Byron biographer MacCarthy suggests the influence of these texts was not merely constrained to the world of ideas: “The sex life of the English public school has been made mysterious not just by the silence of each new generation of boys, but by retrospective secrecy, protective codes of loyalty, extending beyond school days far into manhood.” Indeed, Byron seemed to have practiced the Greek ideals while at Harrow - perhaps initialized by his seduction at 15 by Lord Grey de Ruthyn - confessing to a friend he had deflowered three peers. While according to Wilde - if, indeed, he is a credible witness of his own experience - his first homosexual experience did not occur until the age of 33 when, oddly enough, he was seduced and conquered by the worldly 17 year old, Robert Ross, the roots of his interest can be traced back to the age of 17 when he studied under notable Greek scholar J.P. Mahaffy, who taught him “how to love Greek things” and who “characterized” Greek homosexuality “as an ideal attachment between a man and a handsome youth”. Wilde would later acknowledge, “The refinement of Greek culture comes through the romantic medium of impassioned friendship; the freedom and gladness of the palaestra.” Wilde was also a student of pederasty promoter Walter Pater who, at the age of 35,was denied a proctorship because of his ongoing affair with a 19 year old undergraduate student.

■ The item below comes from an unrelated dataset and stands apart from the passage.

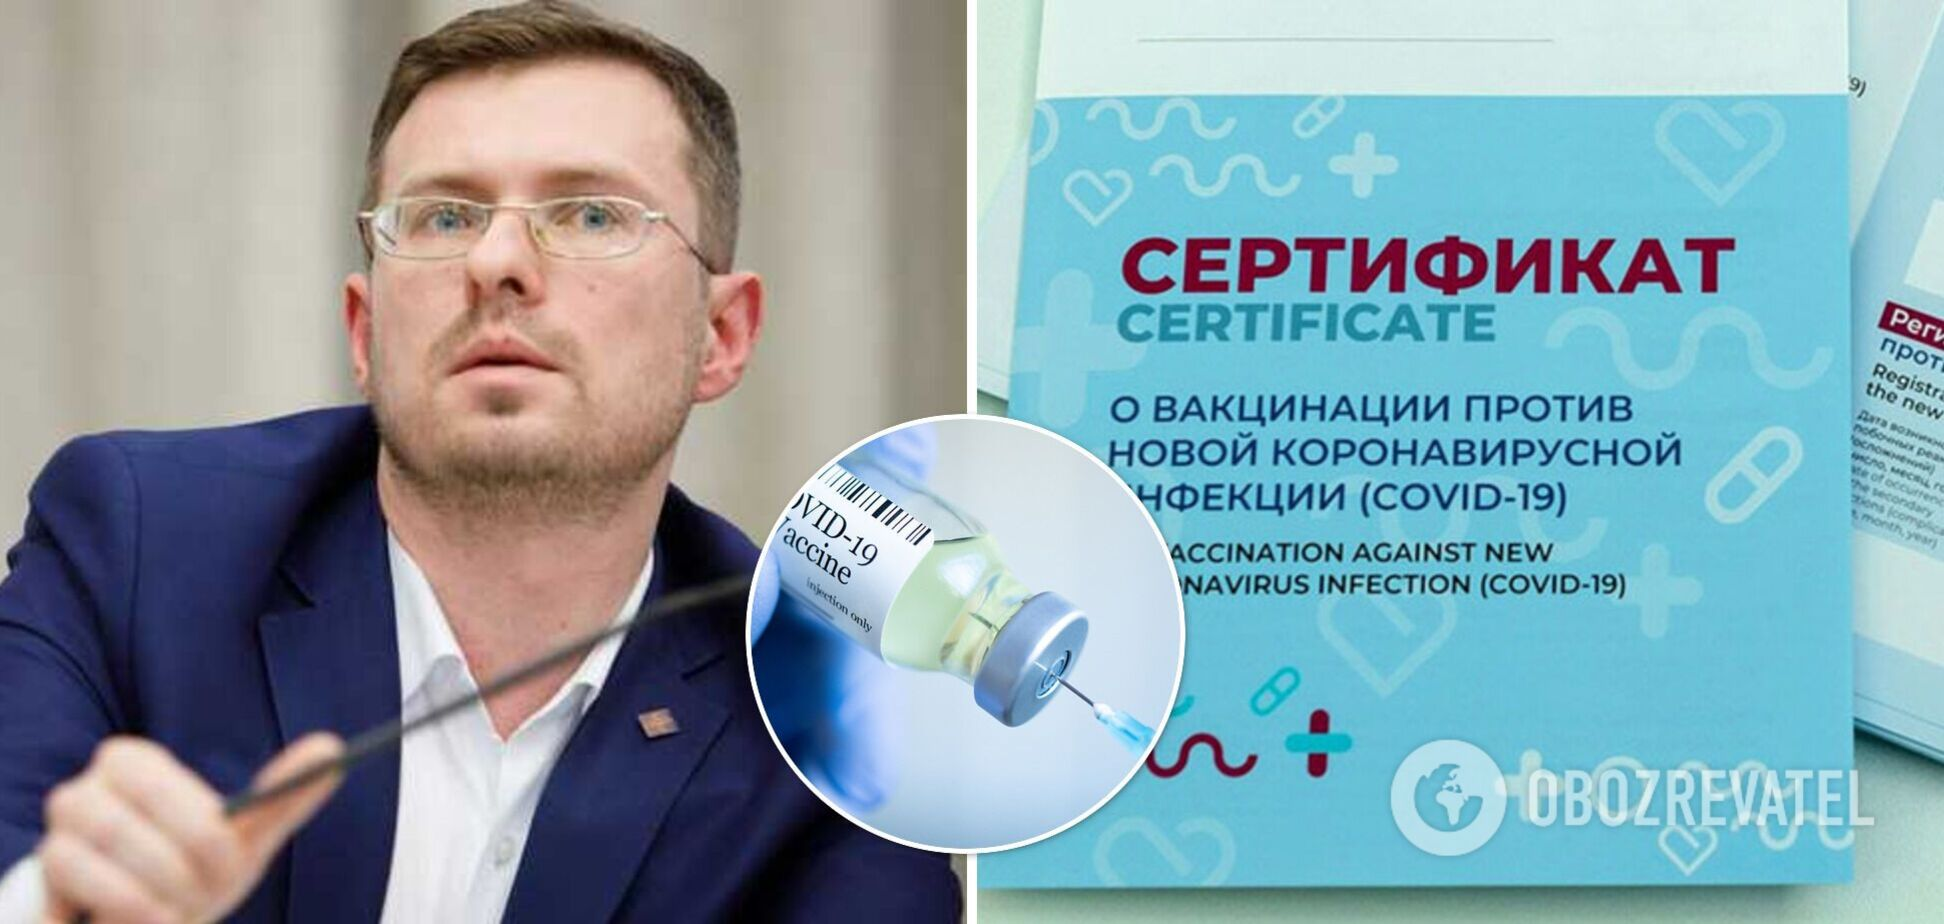 Кузин назвал срок действия 'зеленого' сертификата о вакцинации против COVID-19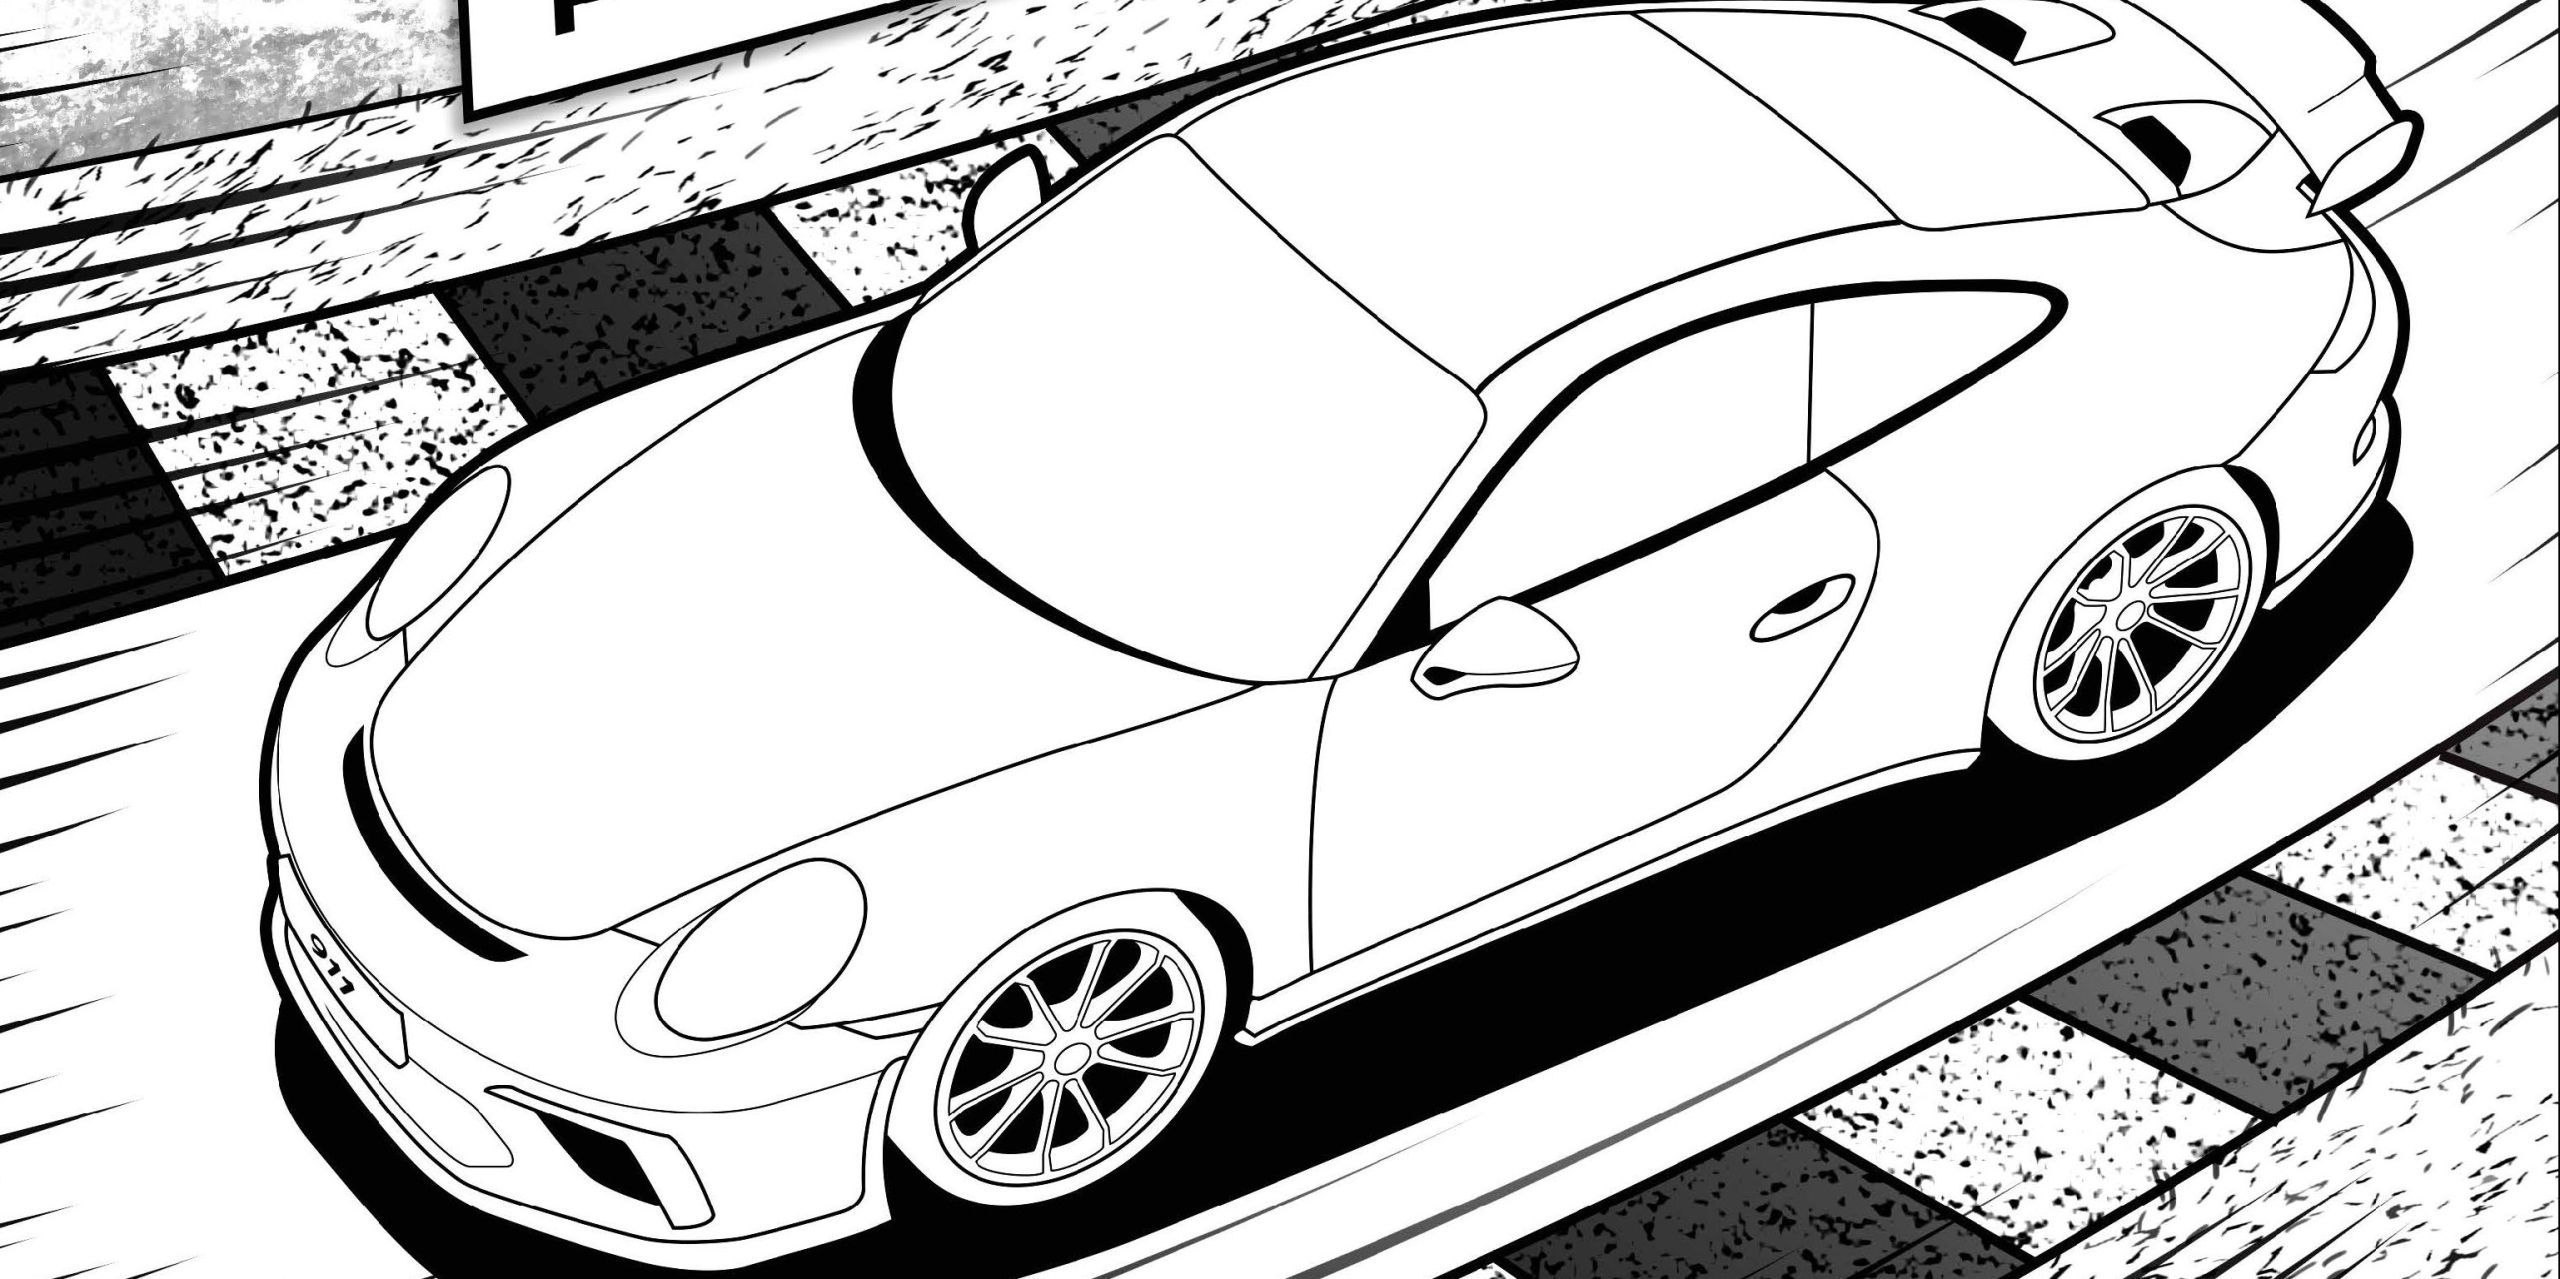 Next-Gen Porsche 911 GT3 Leaked In a Children's

These perspectives and experiences, thrust upon such tractable young souls, helped produce a narcissistic self-love in Oscar Wilde and a nostalgic longing for boyhood in Byron, who would later idealize his years at Harrow as an ideal time, rife with passionate friendships, which were the natural consequent of Greek ideals in action. As a result, both literary figures entered manhood teeming with contradictory desires, mood dysphoria and an underlying insecurity, which with some self-awareness they used to construct the foundation of their public charismatic personas, ultimately the very creation which enslaved them and led to their disgrace.